In /project/celery_config/config.py
there is a configuration file that has many attributes (can be explored in Celery Documentation) where the most important attribute to understand is imports
, which defines where the tasks are defined. Then both the producer (job master) and consumer (worker) will import this config file, which Celery will use to import the defined tasks.

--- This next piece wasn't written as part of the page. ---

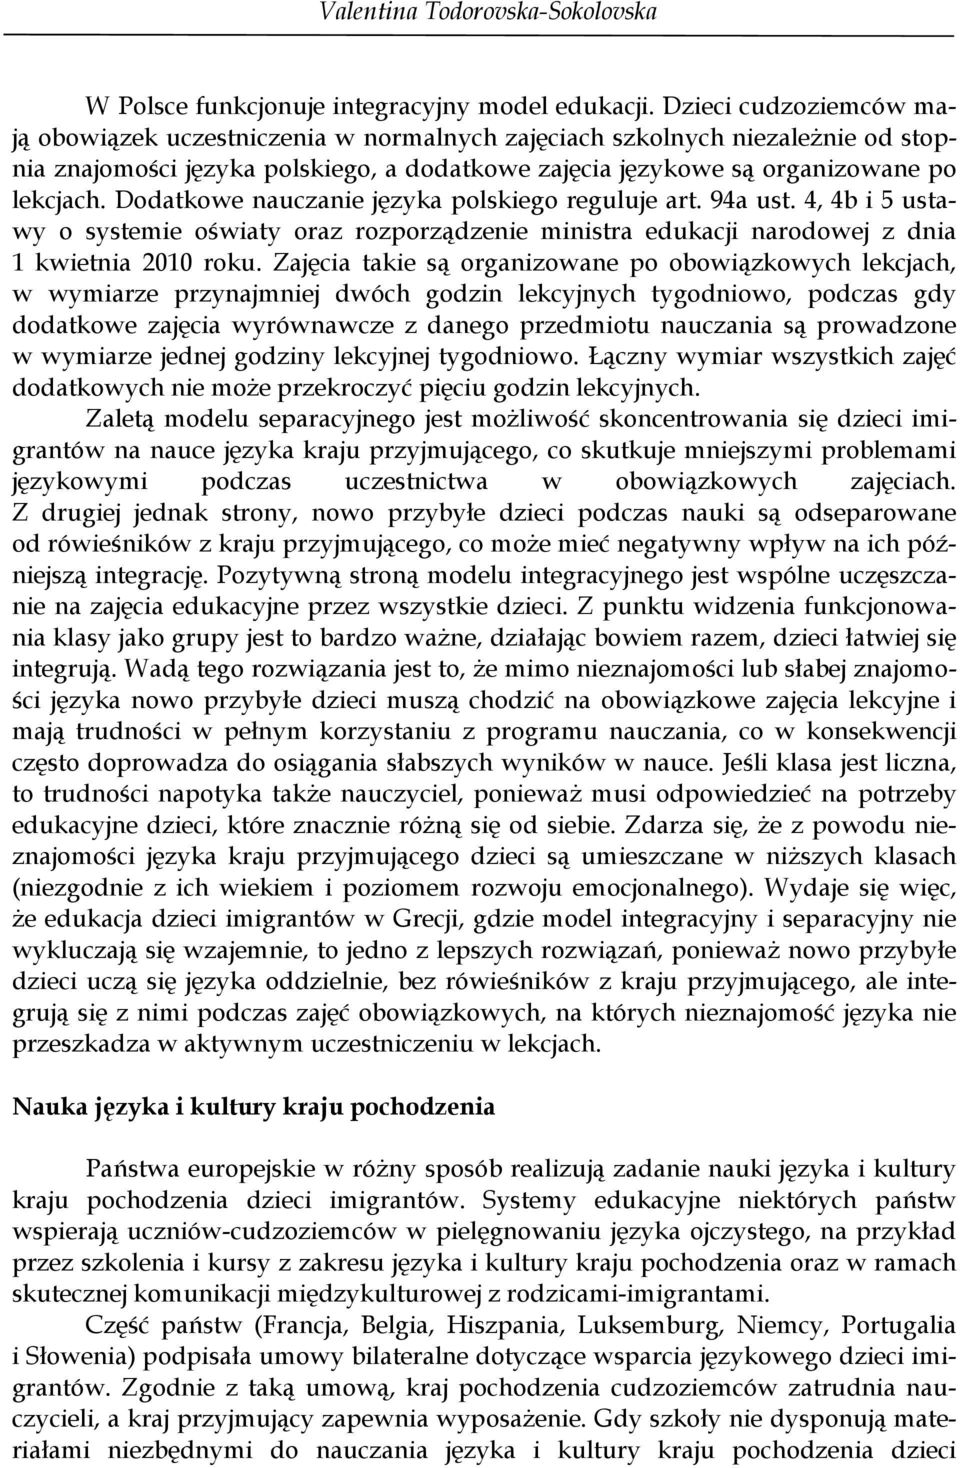 Dodatkowe nauczanie języka polskiego reguluje art. 94a ust. 4, 4b i 5 ustawy o systemie oświaty oraz rozporządzenie ministra edukacji narodowej z dnia 1 kwietnia 2010 roku.

In /project/celery_config/tasks.py
we define the tasks, this route is referenced in the previously mentioned imports
configuration.
Each tasks consist of a function, and the function can be defined as any Python function, but THE MOST IMPORTANT detail to understand is that each function has the decorator @shared_task
imported from Celery.
The @shared_task
decorator implements (and hides):
- Everything necessary for the producer to push jobs to the queue
- The logic which the consumer uses to understand the jobs coming from the broker
- Everything necessary for the consumer to execute the task and then save the result in a "backend".
The producer or Job Master is a service that provides a way to publish jobs into the broker. For this project we will provide a Web API that will enable clients to publish said jobs into the redis queue (broker).
In /project/producer.py
we first create a Web Server using FastAPI (we can use any other web service, Celery itself does not depend on FastAPI), then we define endpoints as in any FastAPI project, and the endpoints defined will execute the tasks previously defined.
Here what is important to understand is that we do not directly execute the defined functions, for example the functions wait_and_return
COULD be executed using wait_and_return()
and this would run the function as a normal Python function, instead of this, we execute wait_and_return.delay()
where delay()
is a method inserted by the @shared_task
decorator.
The delay()
method will package the requests as a "job" (serialized as a JSON message because of the configuration in /celery_config/config.py
) and will publish it to the broker.
There also are endpoints to query results using a job id
, these endpoints also use the previously defined tasks, for example wait_and_return
, but another method injected by the decorator is executed, AsyncResult(job_id)
, which hides all the logic for Celery to query the "backend" or database for an specific job id and return the status of the job, with its result included if the job is finished.
The Consumer or Worker is another service that can be deployed as a single instance or as a cluster of instances which will be polling the broker for jobs and running said jobs.
In /project/consumer.py
we define a Celery Server with two parameters:
broker
: It is the broker URI, in this example it is a redis queue. The general format for this URI isprotocol://USER:PASSWORD@IP:PORT/instance
.backend
: It is the database URI that Celery will use to save and query results. If a backend is not defined, then the results will not be saved by Celery. The supported brokers and backends are described in celery's documentation.
Then we inject the configuration in /celery_config/config.py
, which has the reference to our defined tasks (and more)
And these few lines of code hide all the logic necessary for each worker to poll the broker for jobs, understand the jobs, execute them and save its results in the "backend" so it can be later accessed.